There’s also a false certainty in the claim that higher taxes for more health insurance will translate into extended lives. Some of the more honest Democrats acknowledge this if one listens to them carefully. Even Sen. Bernie Sanders, for example, in repeating an exaggerated claim that TrumpCare would cause 28,000 unnecessary deaths, conceded, “Nobody, obviously, knows exactly what would happen.”

Obviously.

The “Harvard” study—really more of a blog post by one Harvard professor, two non-Harvard medical students, and two scholars at a liberal think-tank—that Sanders and Clinton cite is more nuanced than they claim. It mentions two studies—”outlier results”—raising doubts about whether insurance coverage translated into better health. It concedes, accurately, “insurance is a necessary but not sufficient factor to receive quality health care.” Ironically, its model for projecting what it calls “excess deaths” is based entirely on extrapolation from “analyses of the Massachusetts health reform.” Again, that is a state-level reform of the sort that might have spread organically and successfully if President Obama and the Democrats in Congress hadn’t decided to impose it nationally.

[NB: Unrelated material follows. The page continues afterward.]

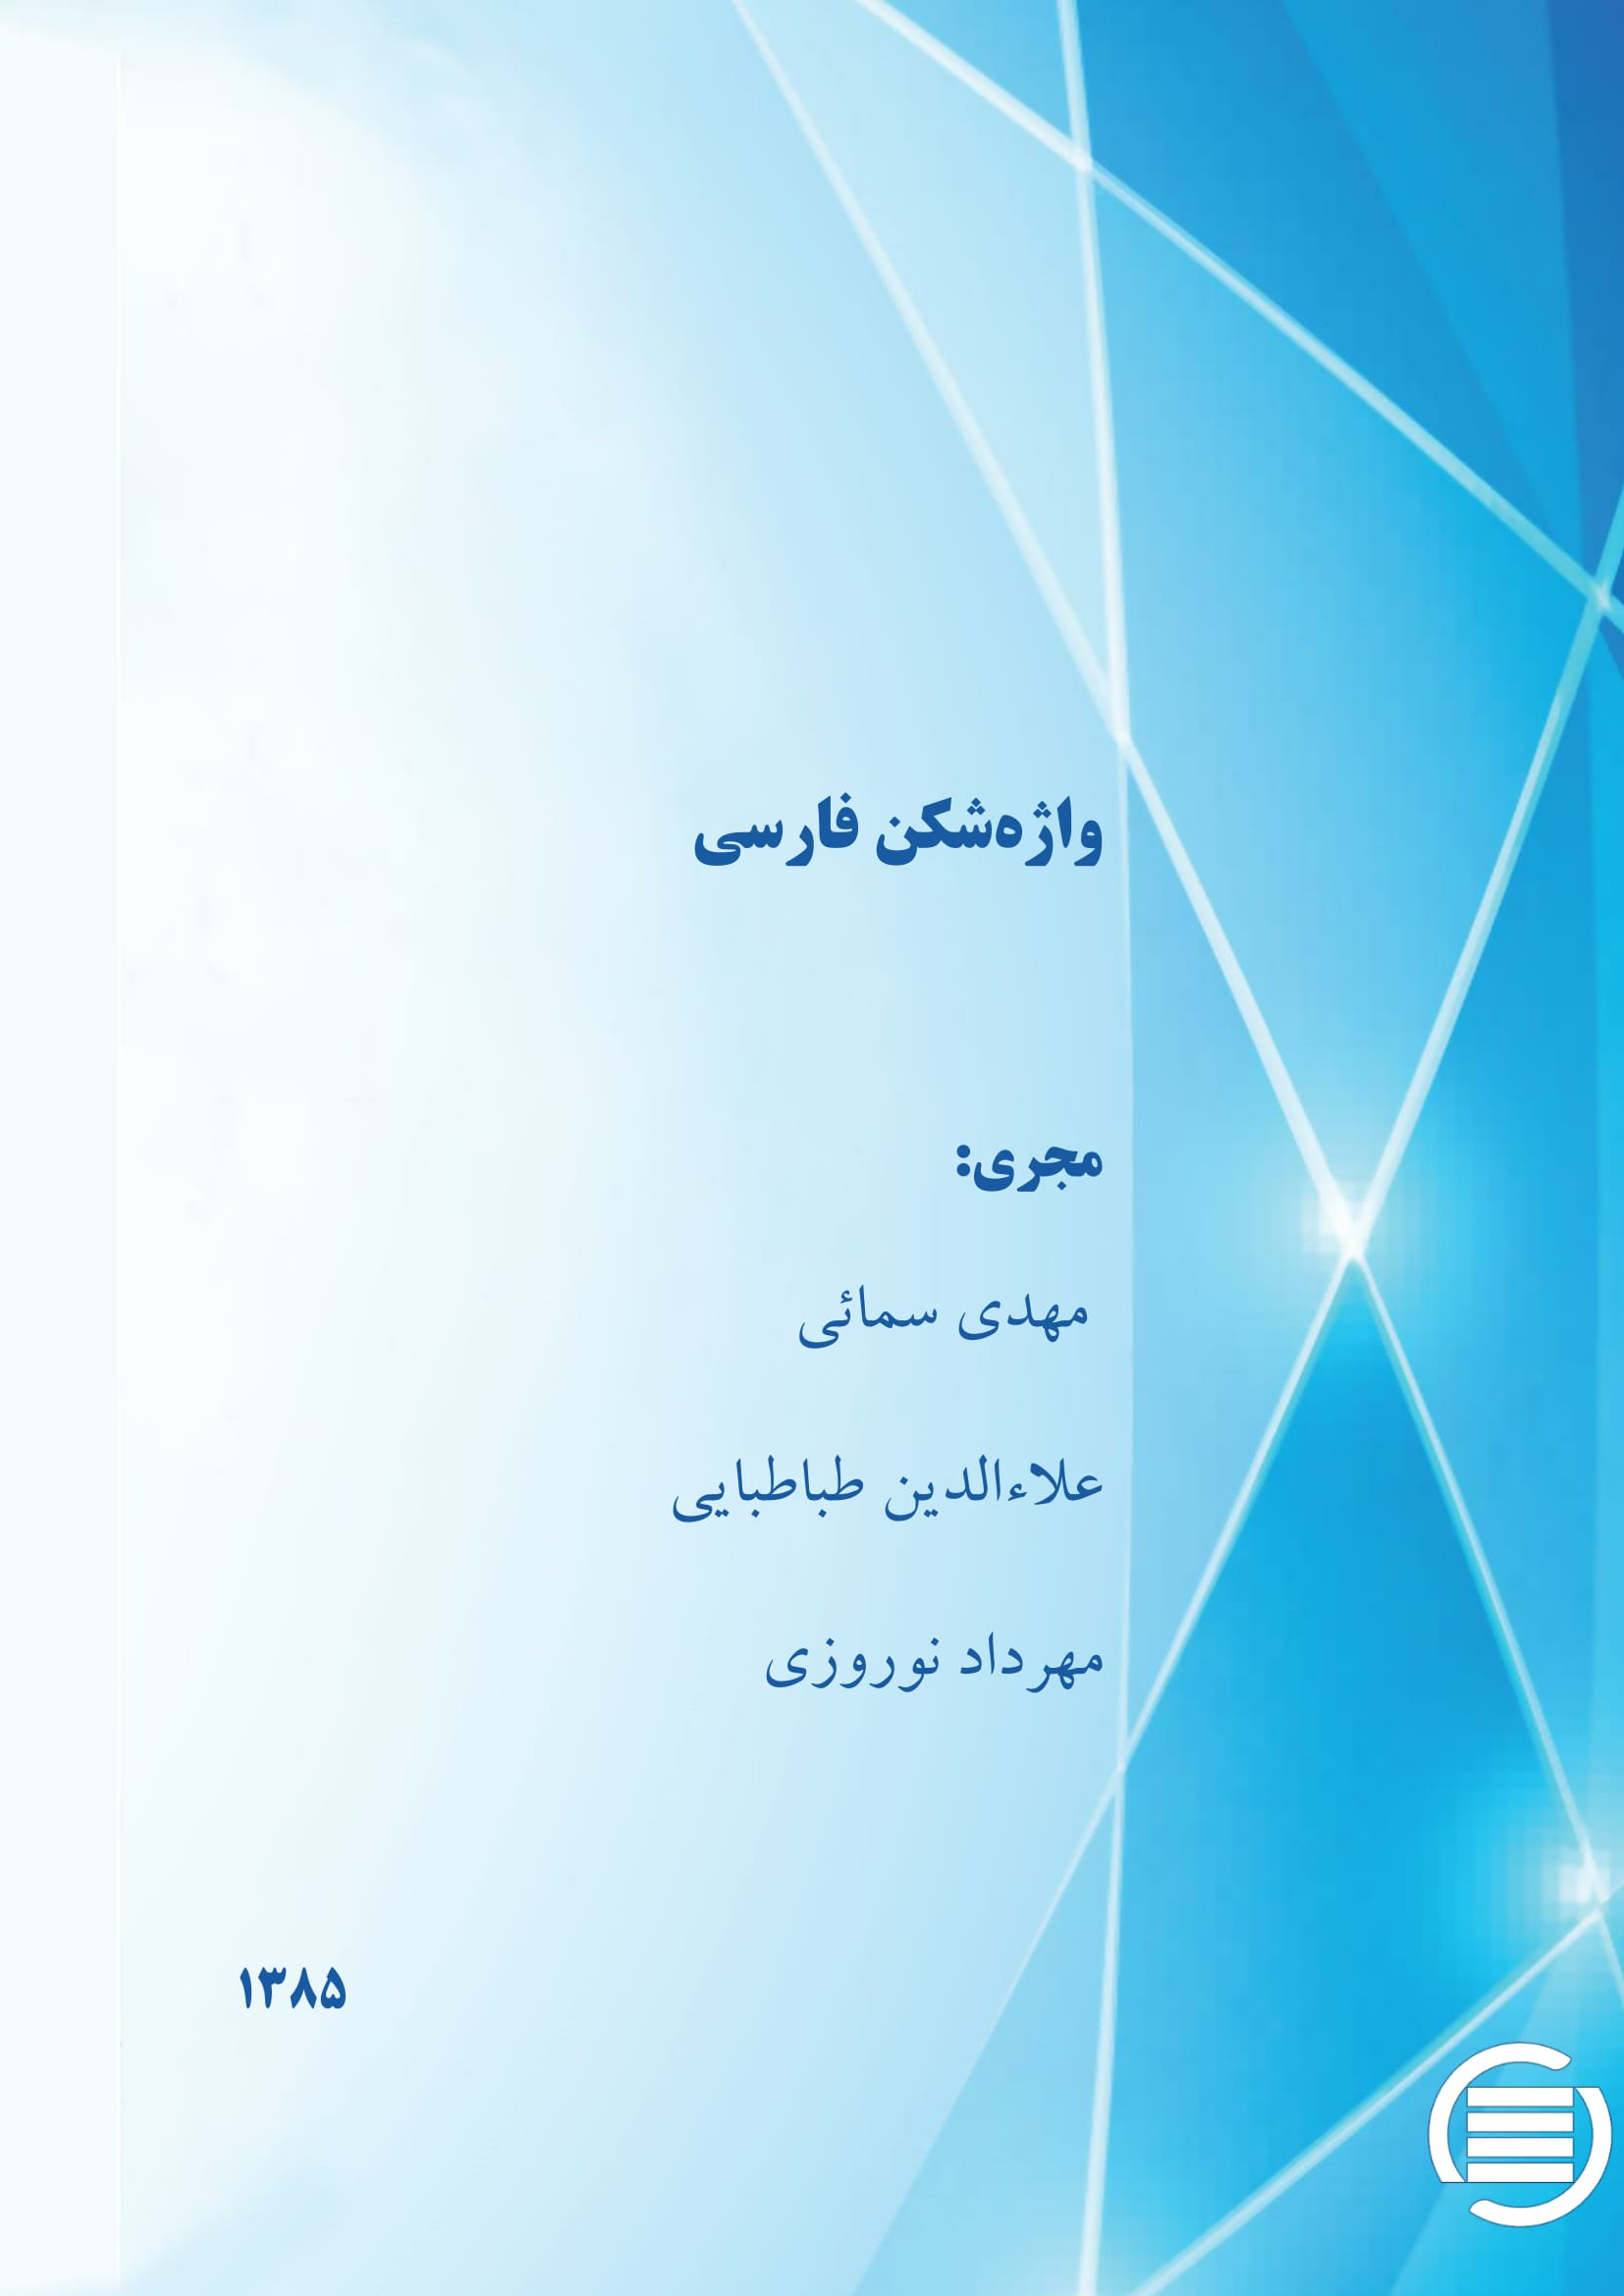 واژهشکن فارسی

Democratic accusations about additional deaths are often made without any price tag attached. Assume, for the moment, that Democrats are right that money should be taken away from higher earners and redistributed instead for the purpose of extending life-years or improving health.

There’s a whole universe of possible interventions other than subsidizing heath insurance or Medicaid. Auto-ignition breathalyzers to prevent drunk-driving accidents, a nationwide 55-mile-an-hour speed limit with aggressive enforcement, disabling texting from cellphones in moving cars, some sort of intervention in Syria—all might, at least potentially, save more lives at a lower cost.

Failing to enact these measures doesn’t make politicians murderers, or even the moral equivalent of murderers. It’s just a political difference of opinion.